→ WHAT YOU NEED TO DO
Would you retype the listing word for word, skipping its pictures?

→ INFORMATION PROVIDED
◇ ◇ ◇ ◇

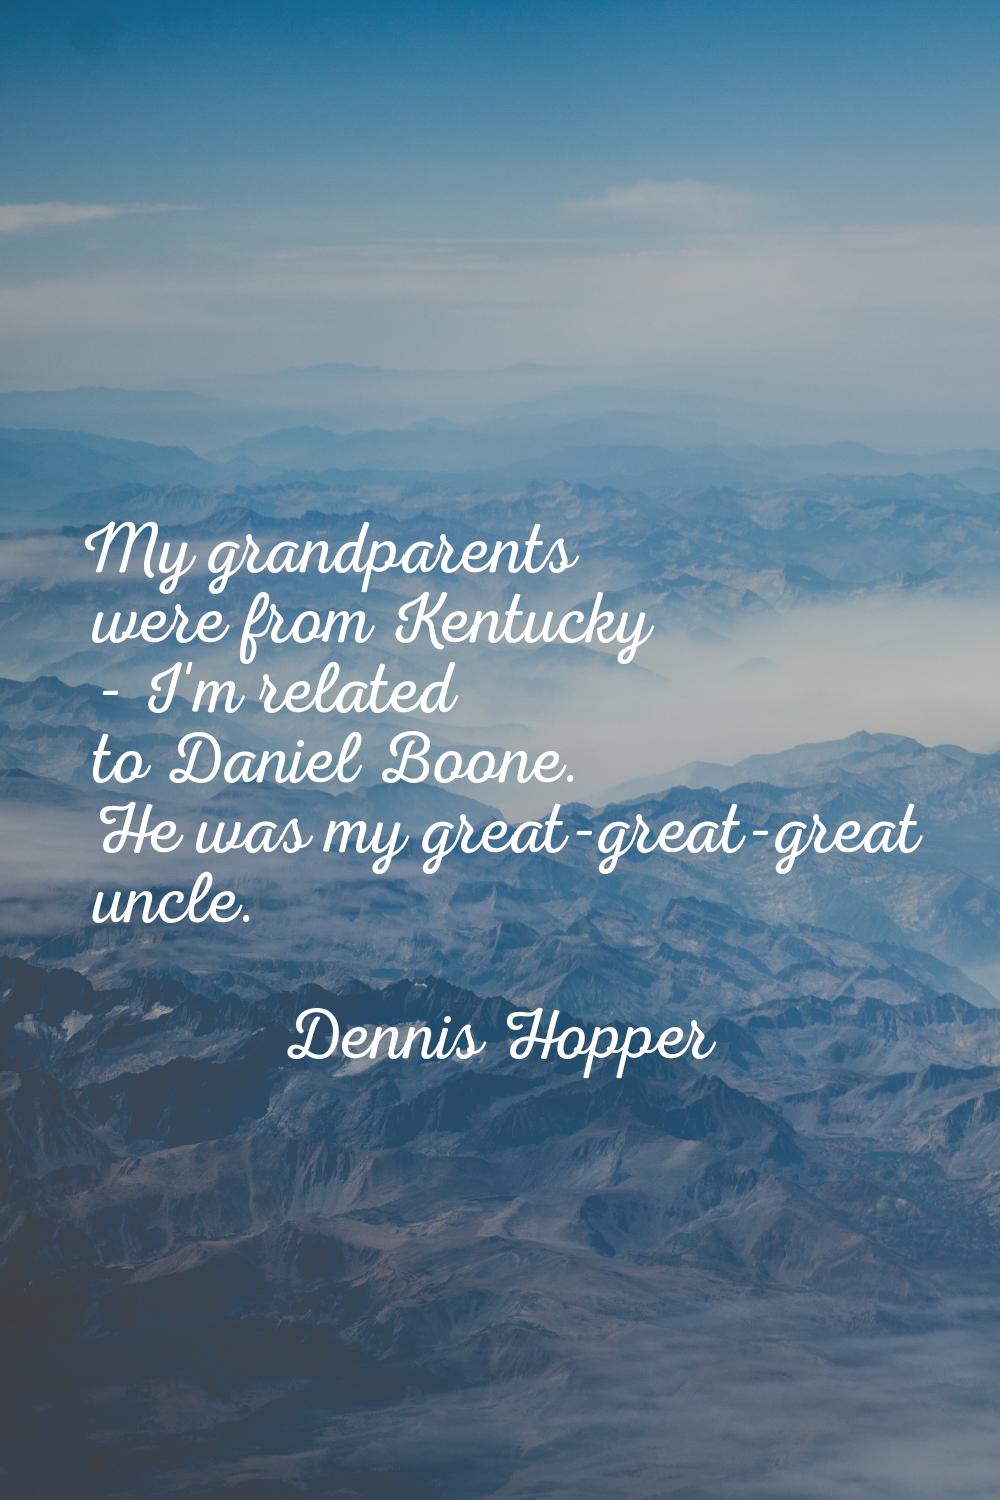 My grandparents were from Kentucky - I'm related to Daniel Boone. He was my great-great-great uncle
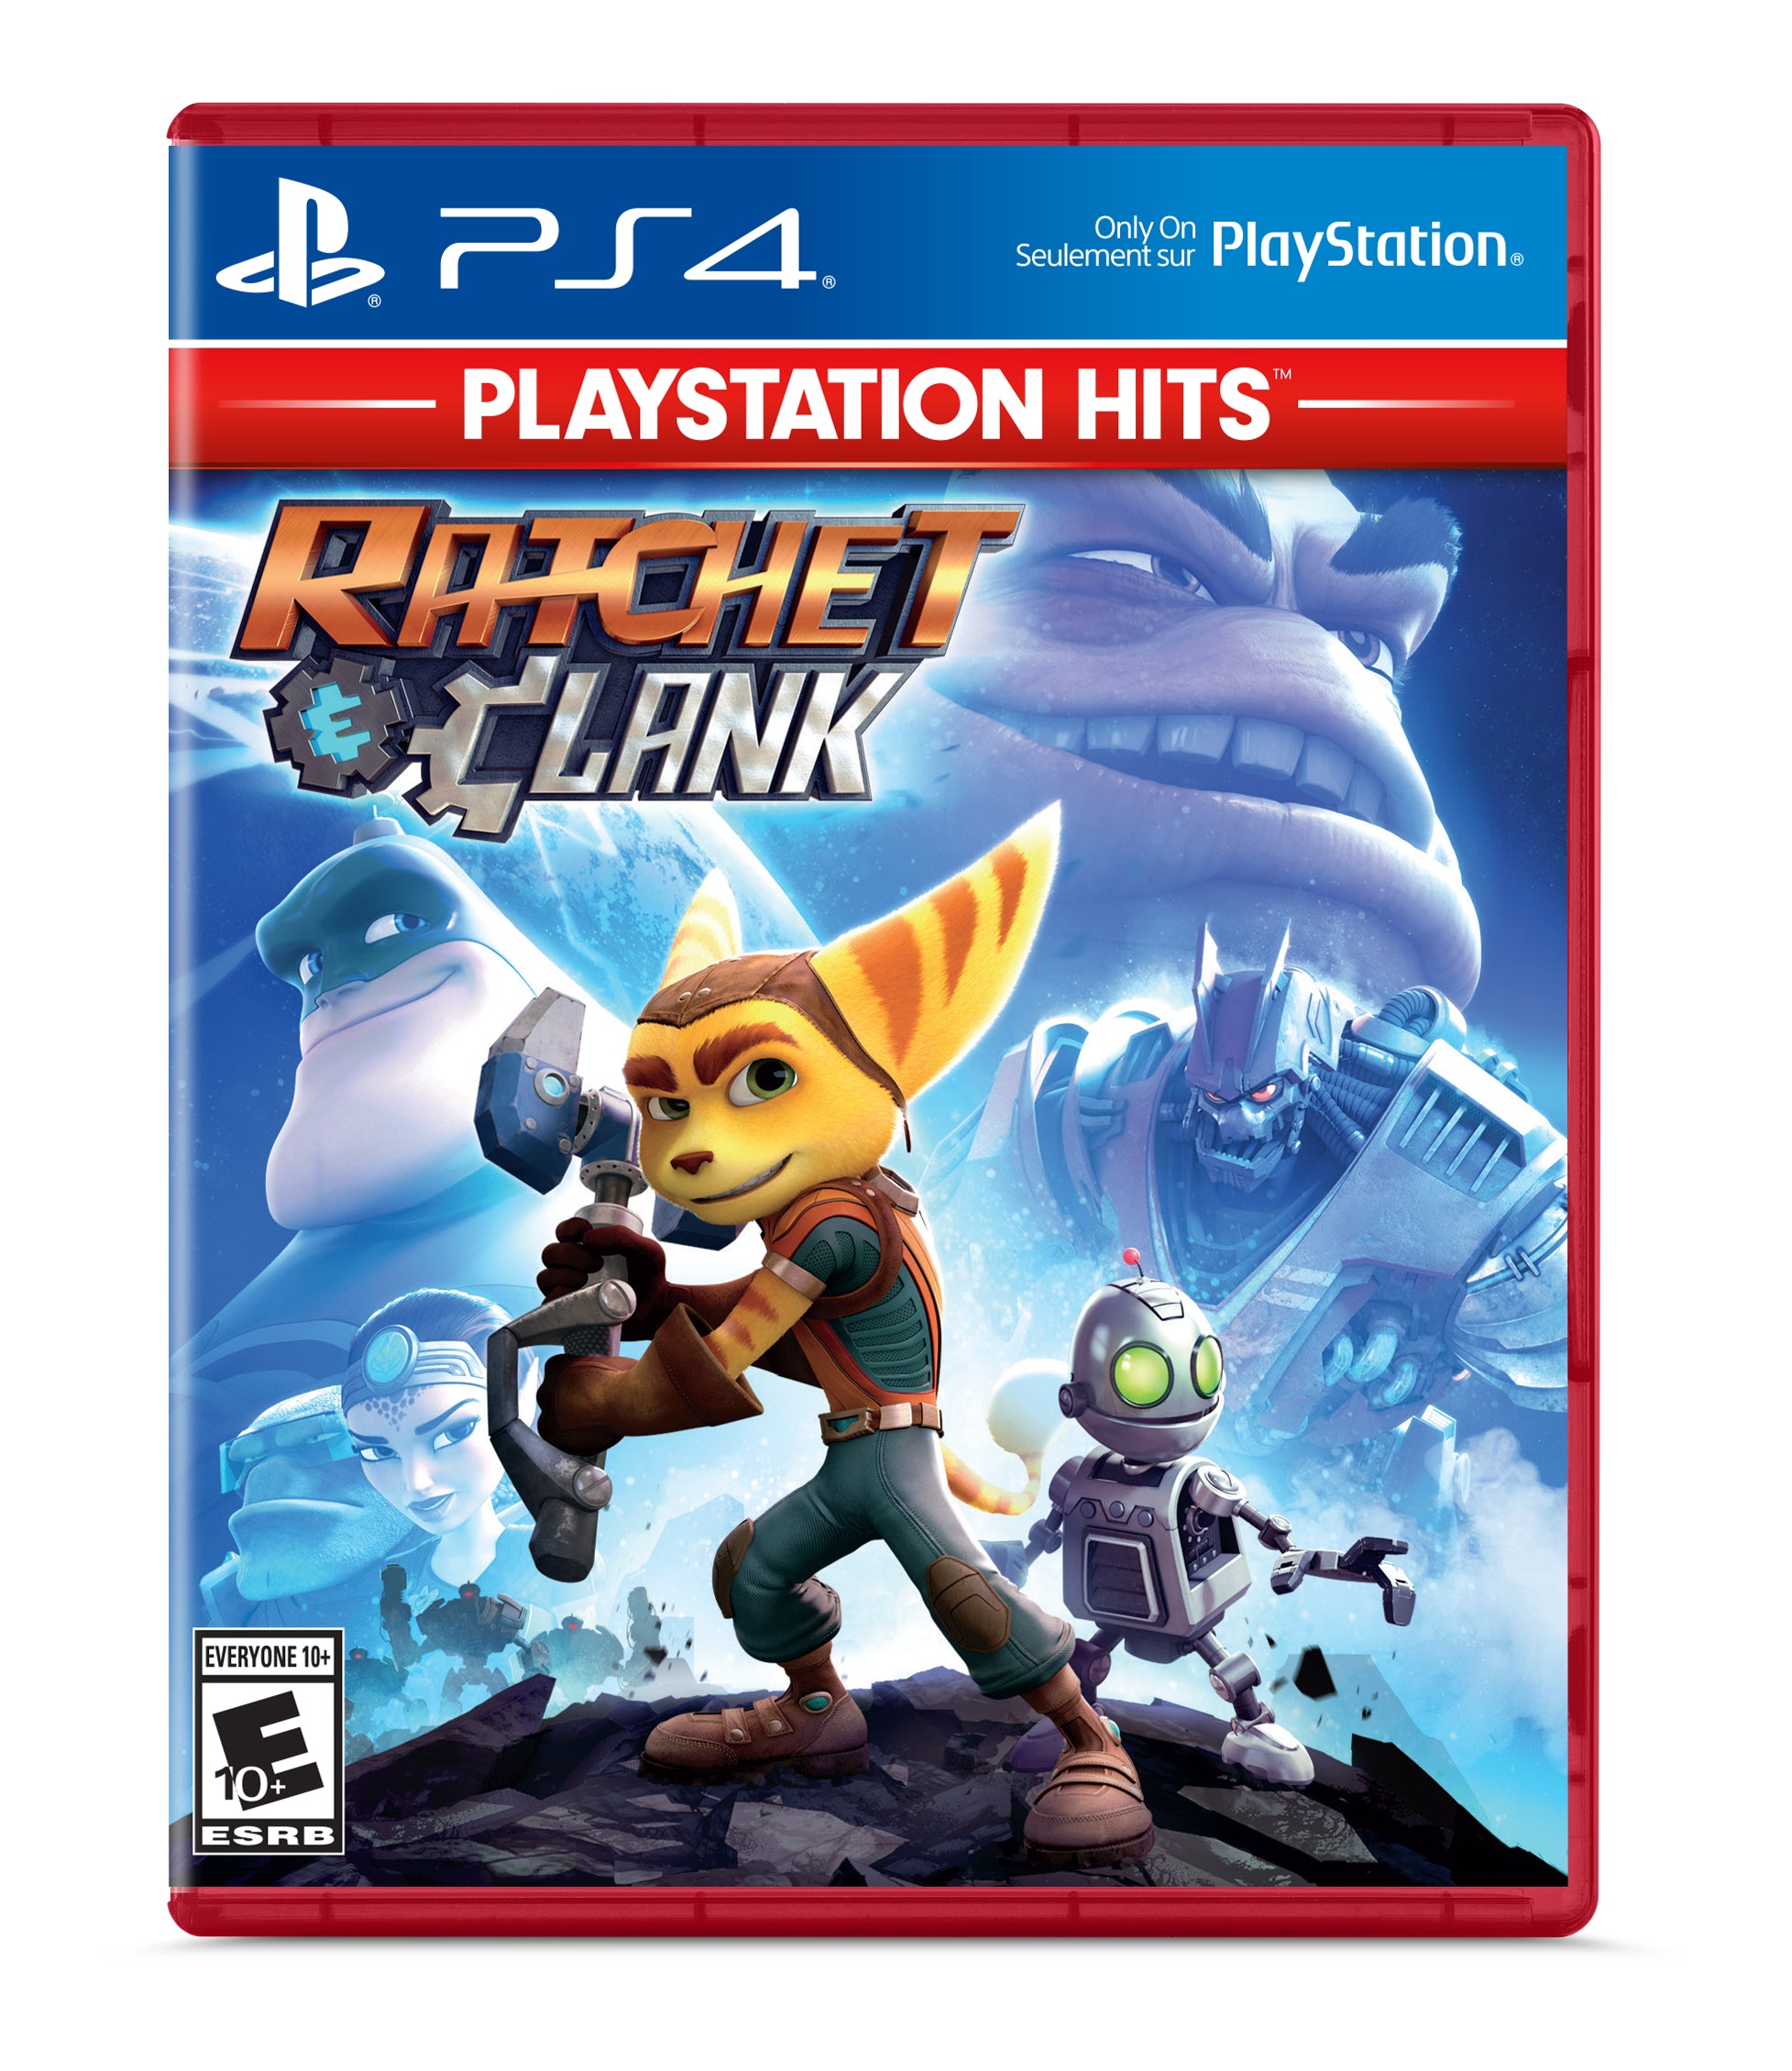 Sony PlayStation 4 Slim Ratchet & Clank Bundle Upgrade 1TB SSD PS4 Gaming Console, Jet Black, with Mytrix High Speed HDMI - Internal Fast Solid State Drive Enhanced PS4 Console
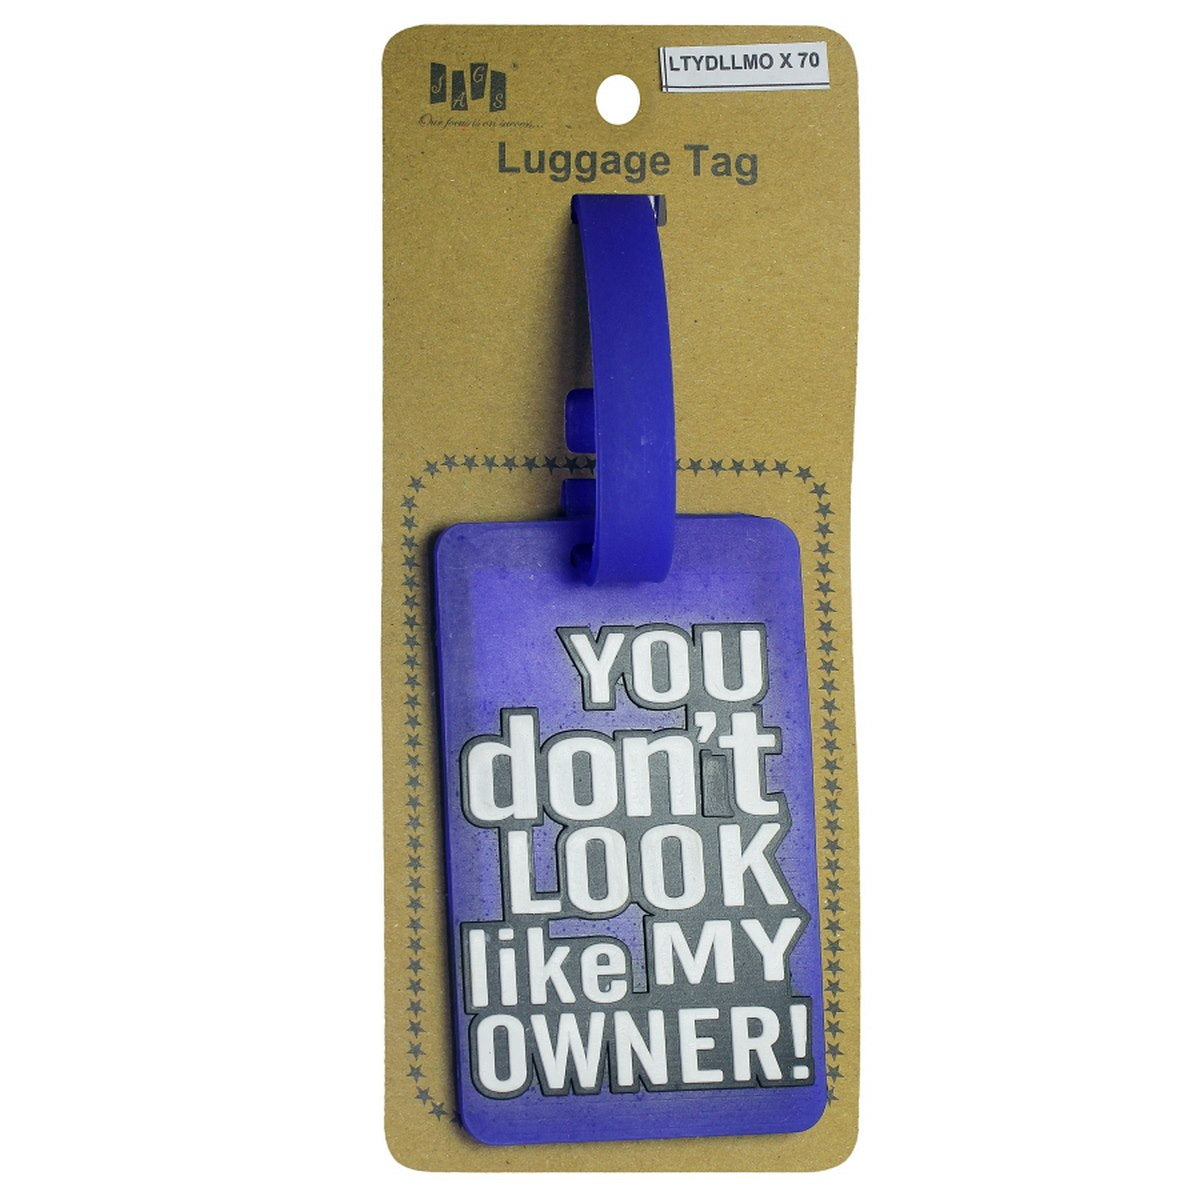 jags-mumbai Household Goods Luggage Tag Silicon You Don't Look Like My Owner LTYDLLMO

◇ ◇ ◇ ◇

→ ANSWER TO THIS TASK
 My grandparents were from Kentucky - I'm related to Daniel Boone. He was my great-great-great uncle
 Sony PlayStation 4 Slim Ratchet & Clank Bundle Upgrade 1TB SSD PS4 Gaming Console, Jet Black, with Mytrix High Speed HDMI - Internal Fast Solid State Drive Enhanced PS4 Console
 jags-mumbai Household Goods Luggage Tag Silicon You Don't Look Like My Owner LTYDLLMO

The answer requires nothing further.